= 1930 Sheffield Brightside by-election =

UK Parliamentary by-election

Arthur Ponsonby

The 1930 Sheffield Brightside by-election was held on 6 February 1930. The by-election was held due to the elevation to the peerage of the incumbent Labour MP, Arthur Ponsonby. It was won by the Labour candidate Fred Marshall.

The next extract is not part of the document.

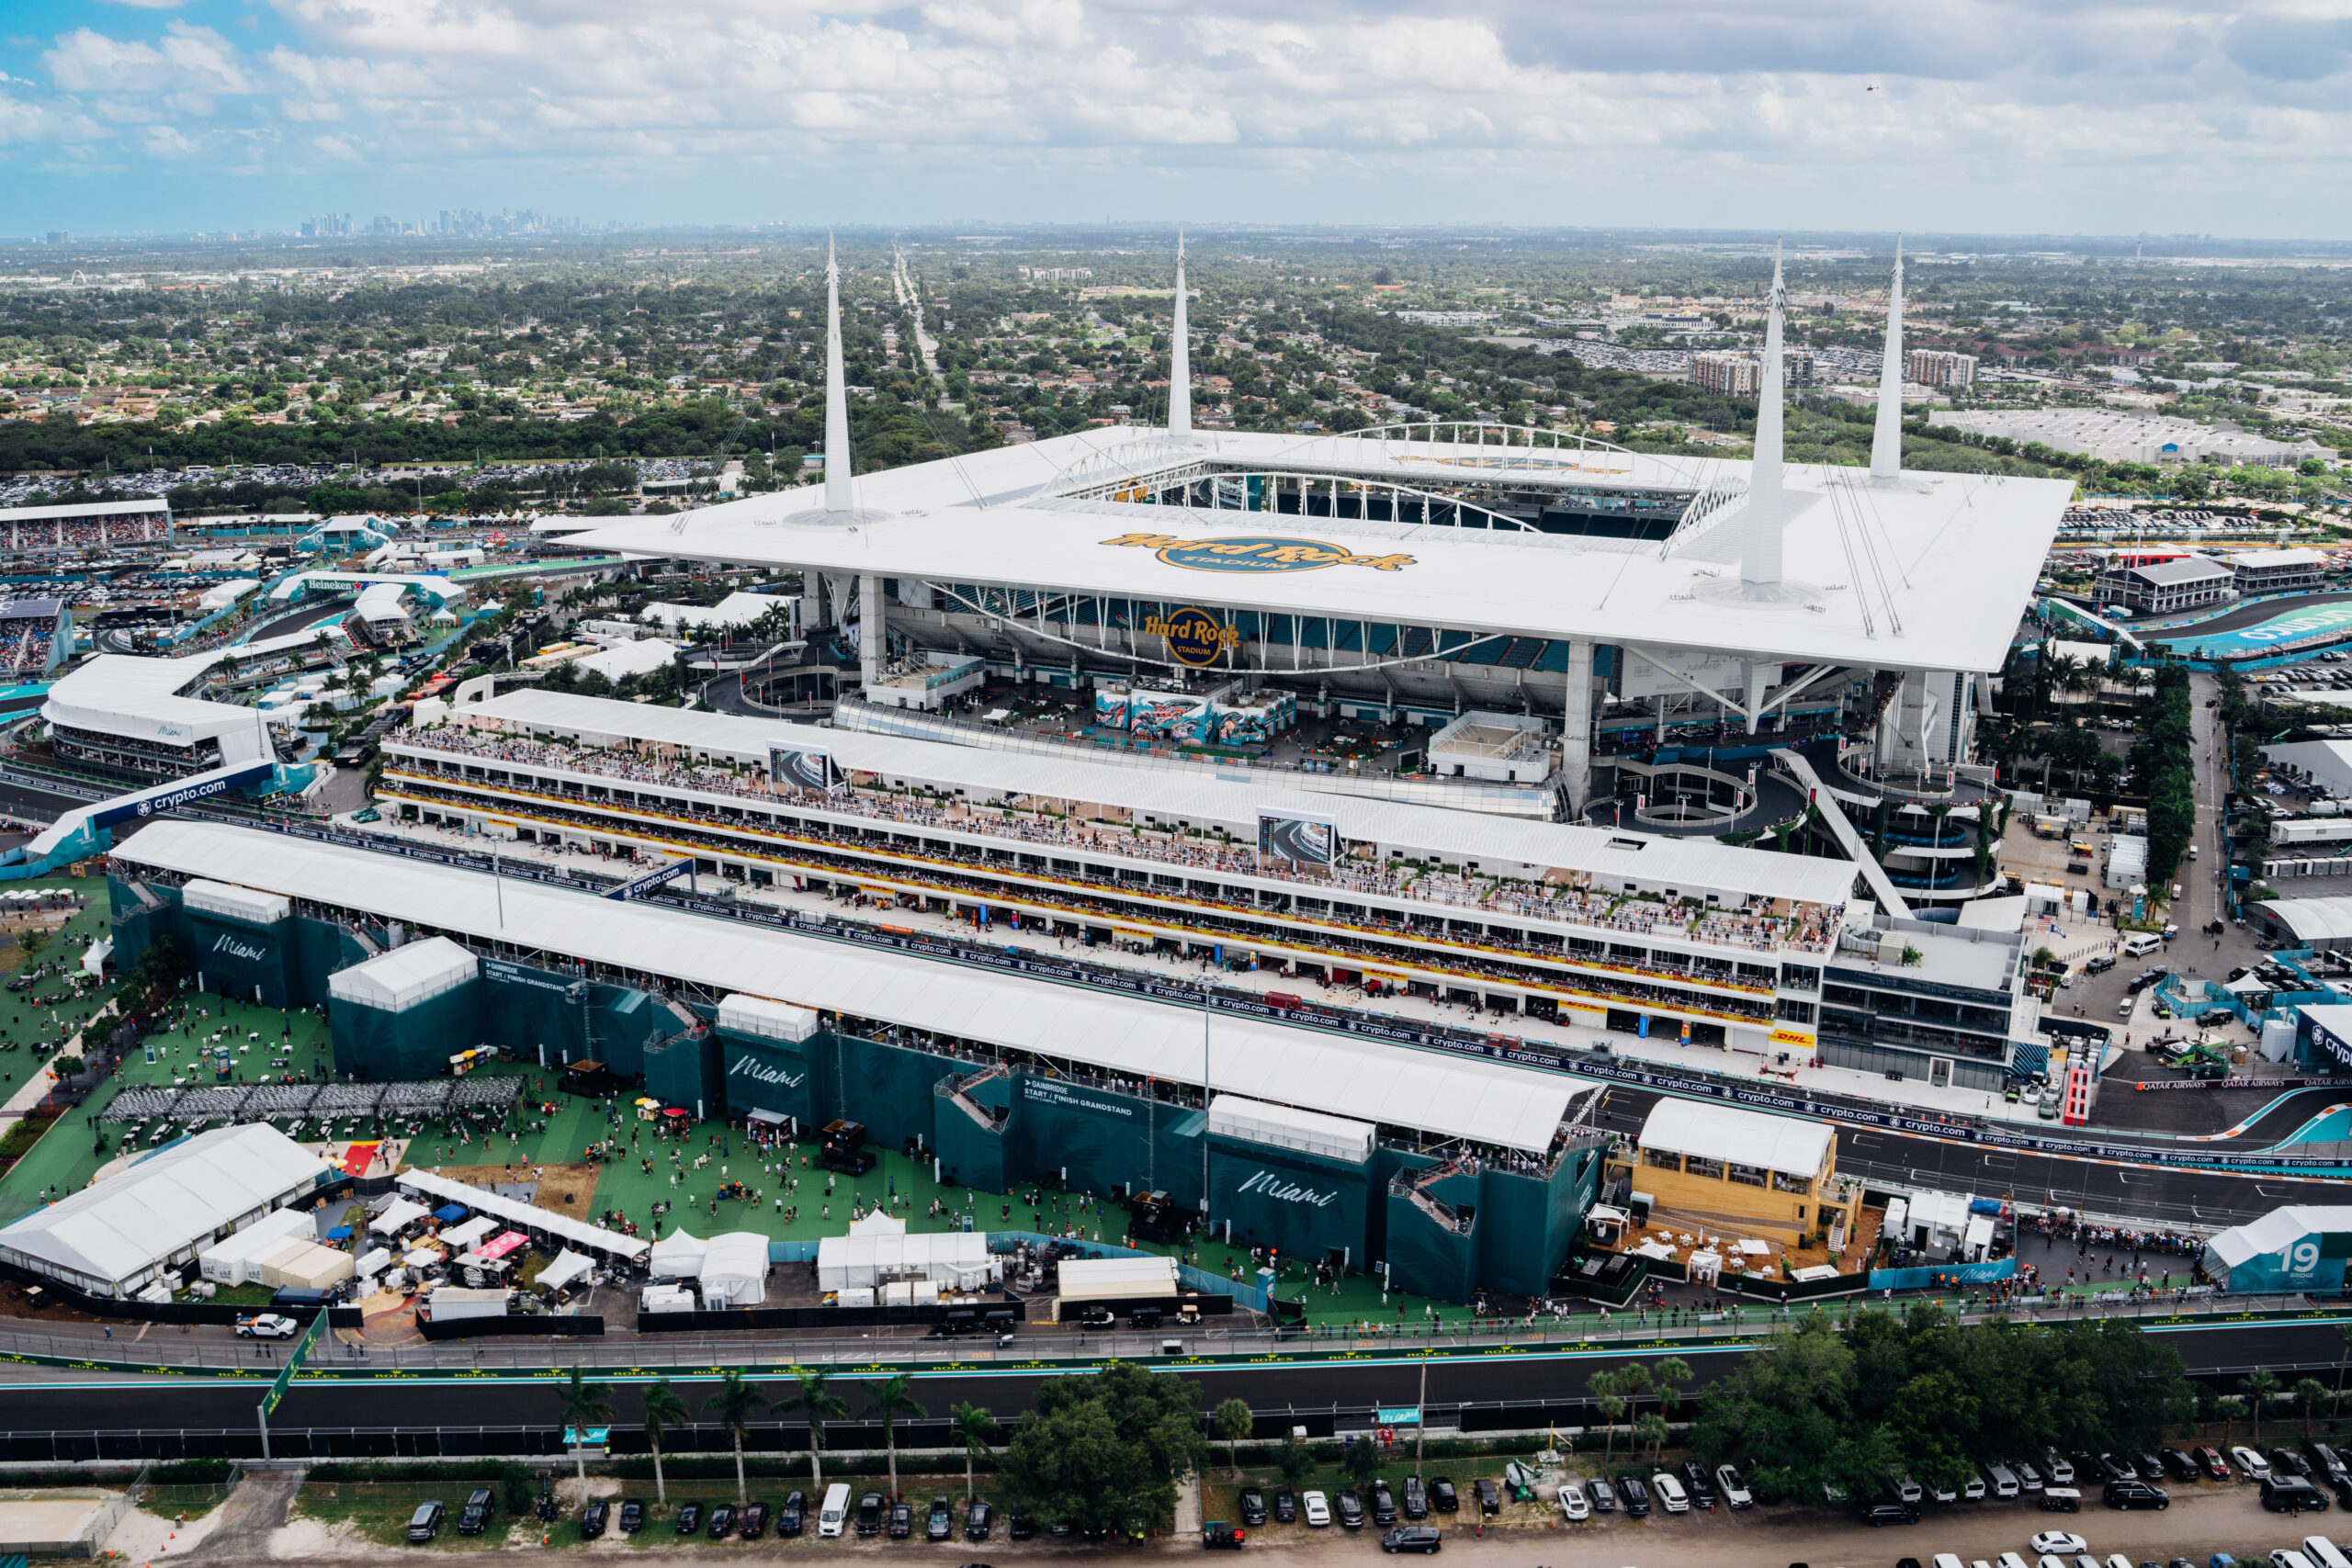 Front Office Sports on X: The F1 Miami Grand Prix has also announced plans  for a new Paddock Club: ▪️ 190,000 sq. ft. ▪️ Views of start/finish ▪️ Over  6,000 guests ▪️

==Previous result and background==

General election 1929 Electorate 47,521
| Party |  | Candidate | Votes | % | ±% |
|---|---|---|---|---|---|
|  | Labour | Arthur Ponsonby | 20,277 | 55.2 | −0.2 |
|  | Conservative | R. I. Money | 9,828 | 26.8 | −17.8 |
|  | Liberal | William Ashcroft Lambert | 6,621 | 18.0 | New |
| Majority |  |  | 10,449 | 28.4 | +17.6 |
| Turnout |  |  | 36,726 | 77.3 | −1.6 |
|  | Labour hold |  | Swing |  |  |

Ponsonby had held the seat for Labour since 1922. At the 1929 election he had increased his majority over the second-placed Conservatives from 3,345 votes to over 10,000.

==Candidates==
- The Liberal Party ran William Ashcroft Lambert, a Sheffield solicitor and City Councillor. He had been Liberal candidate here at the last general election
- Fred Marshall (Labour Party), an Alderman and wagon builder.
- J. T. Murphy (Communist Party)
- F. Hamer Russell (Conservative Party), a builders merchant. Russell had been a member of the Liberal Party for 25 years until 1928 when he defected to the Conservatives.

==Result==

Sheffield Brightside by-election, 1930
| Party |  | Candidate | Votes | % | ±% |
|---|---|---|---|---|---|
|  | Labour | Fred Marshall | 11,543 | 46.37 | −8.85 |
|  | Conservative | Hamer Russell | 8,612 | 34.60 | +7.84 |
|  | Liberal | William Ashcroft Lambert | 3,650 | 14.66 | −3.34 |
|  | Communist | J. T. Murphy | 1,084 | 4.35 | +4.35 |
| Majority |  |  | 2,931 | 11.77 |  |
| Turnout |  |  | 24889 | 52.00 | −25.3 |
|  | Labour hold |  | Swing |  |  |

== Aftermath ==

While Marshall retained the seat for Labour, he would lose it to Russell at the following year's general election. Four years later the pair fought each other for a third time at the 1935 general election, and Marshall regained the seat.